Q. “How many days is it from N* to your own country?”
A. “Six days of quick marching. We fled because we could not endure the things done to us. Our Chiefs were hanged, and we were killed and starved and worked beyond endurance to get rubber.”
Q. “How do you know it was the white men themselves who ordered these cruel things to be done to you? These things must have been done without the white man’s knowledge by the black soldiers.”
A. (P P): “The white men told their soldiers: ‘You kill only women; you cannot kill men. You must prove that you kill men.’ So then the soldiers when they killed us” (here he stopped and hesitated, and then pointing to the private parts of my bulldog—it was lying asleep at my feet), he said: “then they cut off those things and took them to the white men, who said: ‘It is true, you have killed men.’ ”
Q. “You mean to tell me that any white man ordered your bodies to be mutilated like that, and those parts of you carried to him?”
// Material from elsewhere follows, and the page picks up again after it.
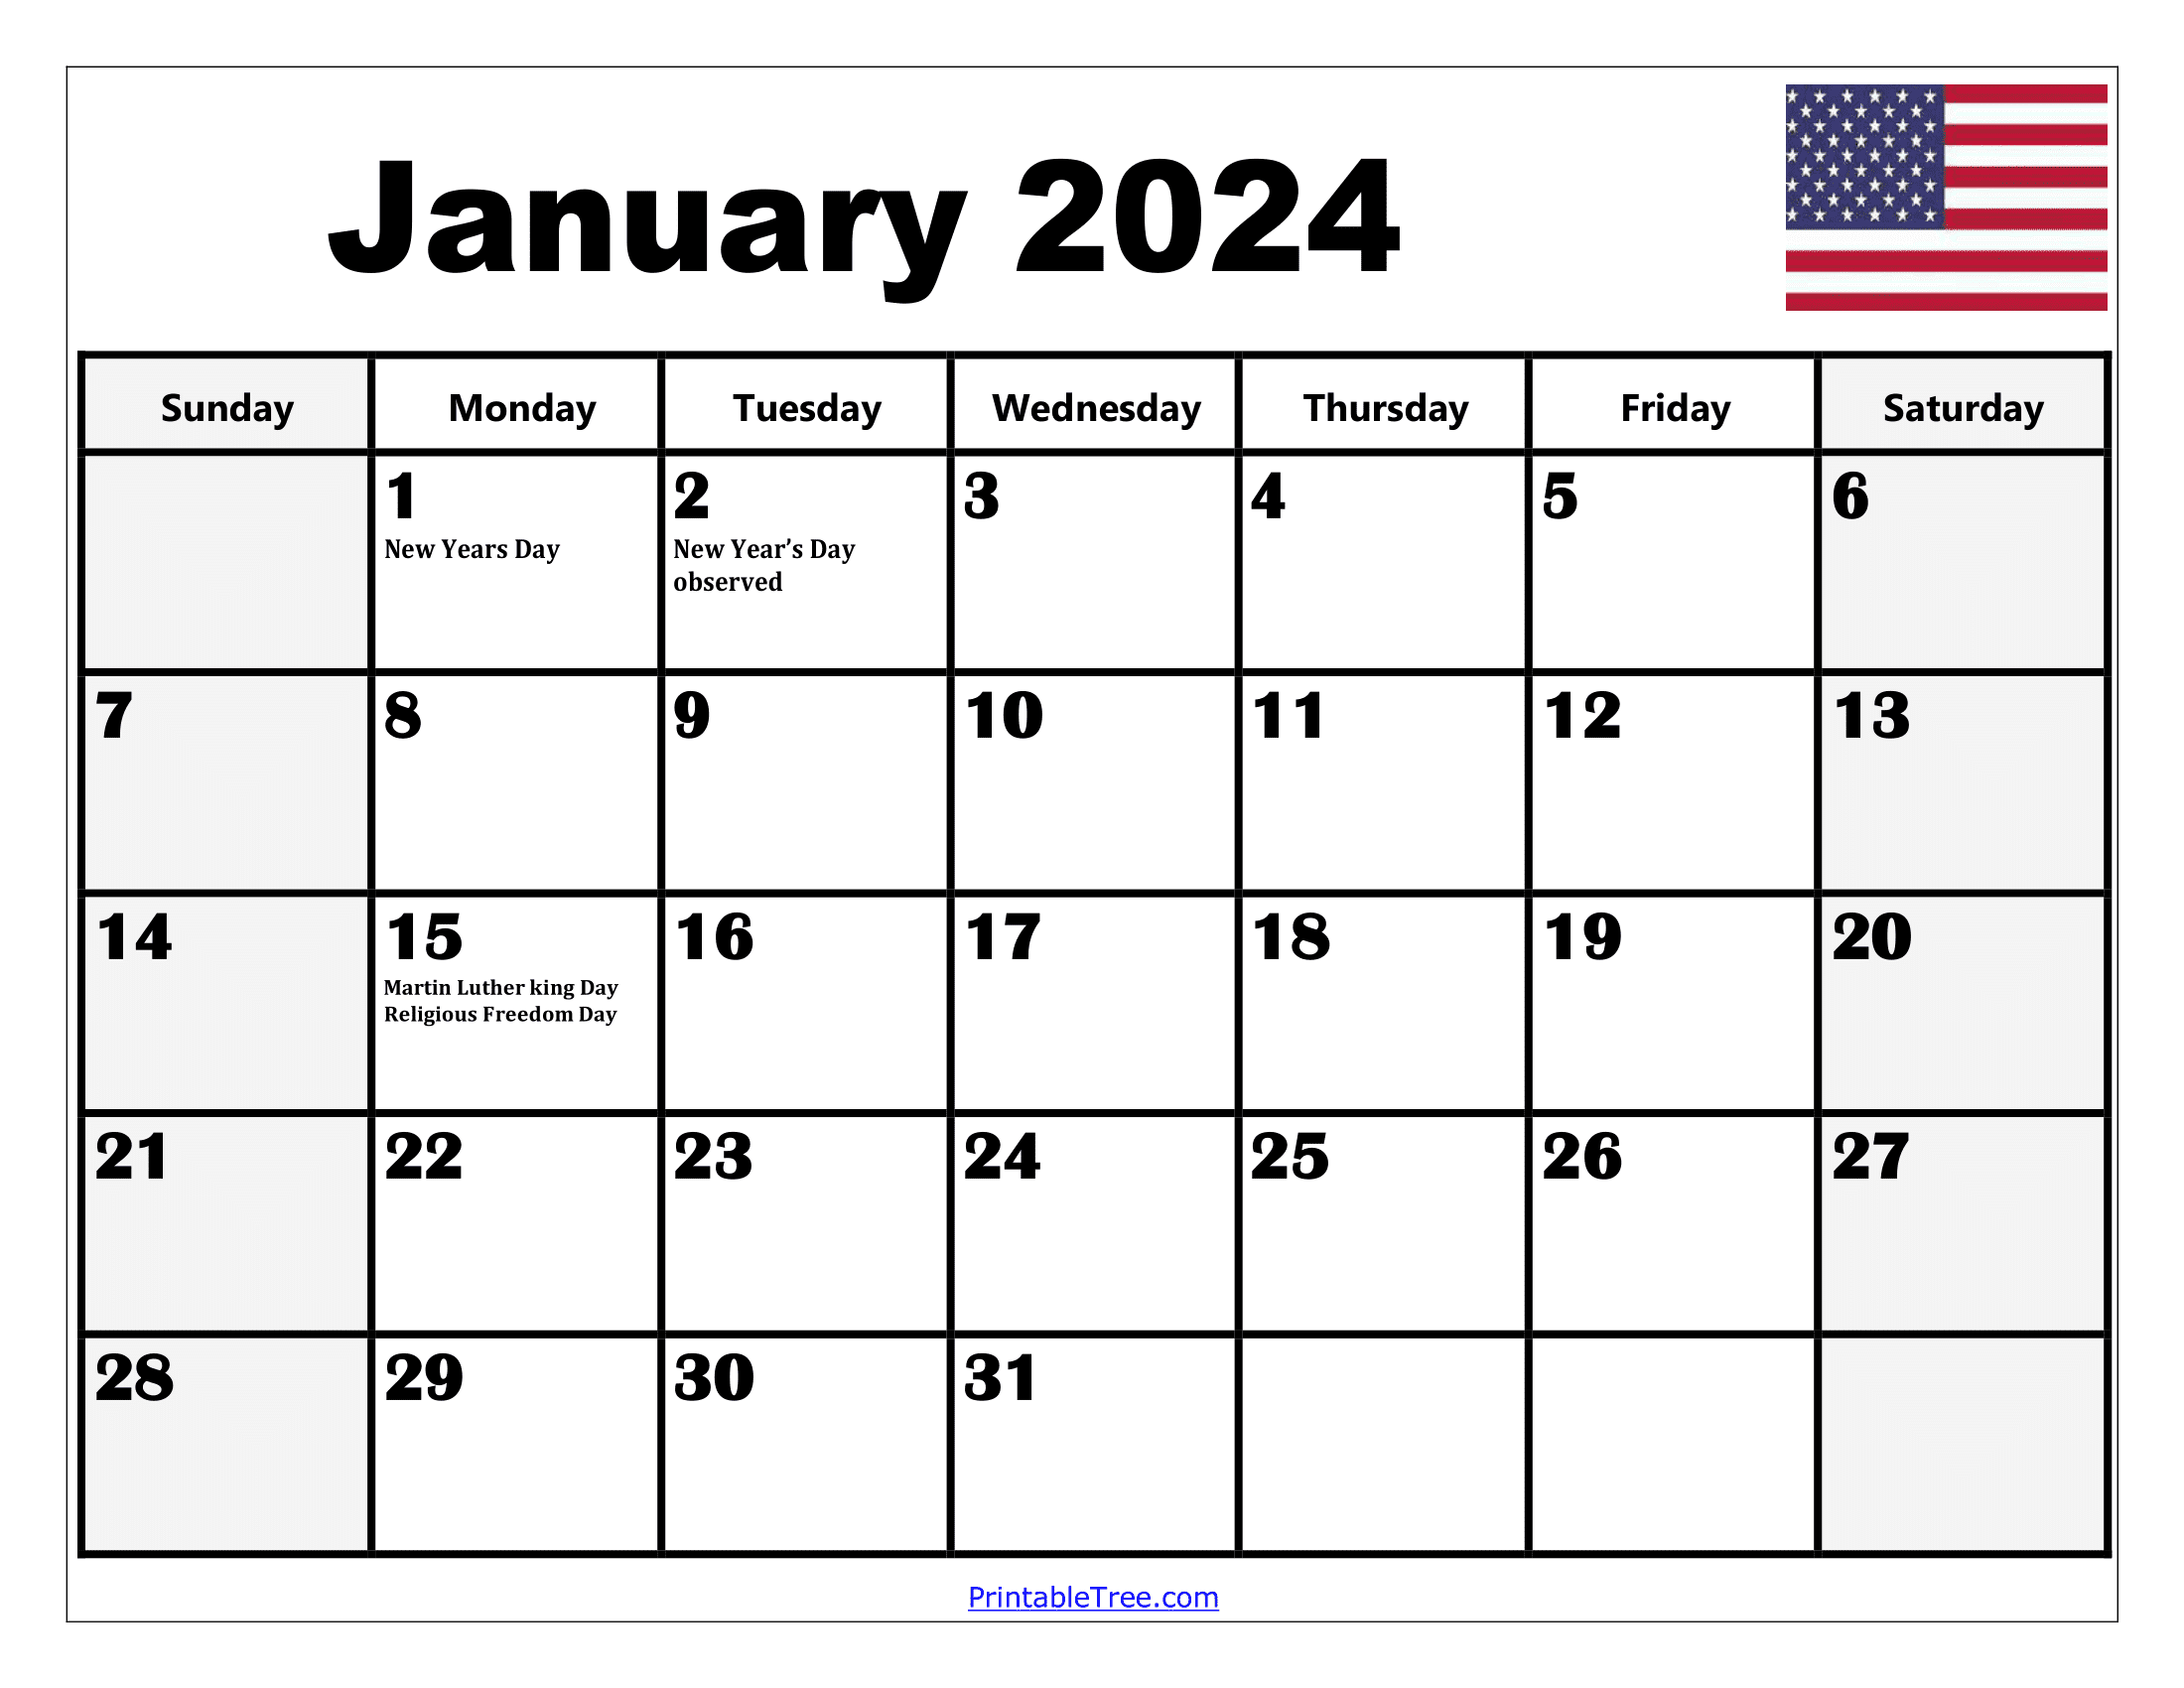 2024 Holiday Calendar Days Free Download Nov 2024 Calendar - Free Printable 2024 Calendar With Holidays And Seasons

P P, O O, and all (shouting): “Yes! many white men. D E did it.”
Q. “You say this is true? Were many of you so treated after being shot?”
All (shouting out): “Nkoto! Nkoto!” (Very many! Very many!)
There was no doubt that these people were not inventing. Their vehemence, their flashing eyes, their excitement, was not simulated. Doubtless they exaggerated the numbers, but they were clearly telling what they knew and loathed. I was told that they often became so furious at the recollection of what had been done to them that they lost control over themselves. One of the men before me was getting into this state now.
I asked whether L* tribes were still running from their country, or whether they now stayed at home and worked voluntarily.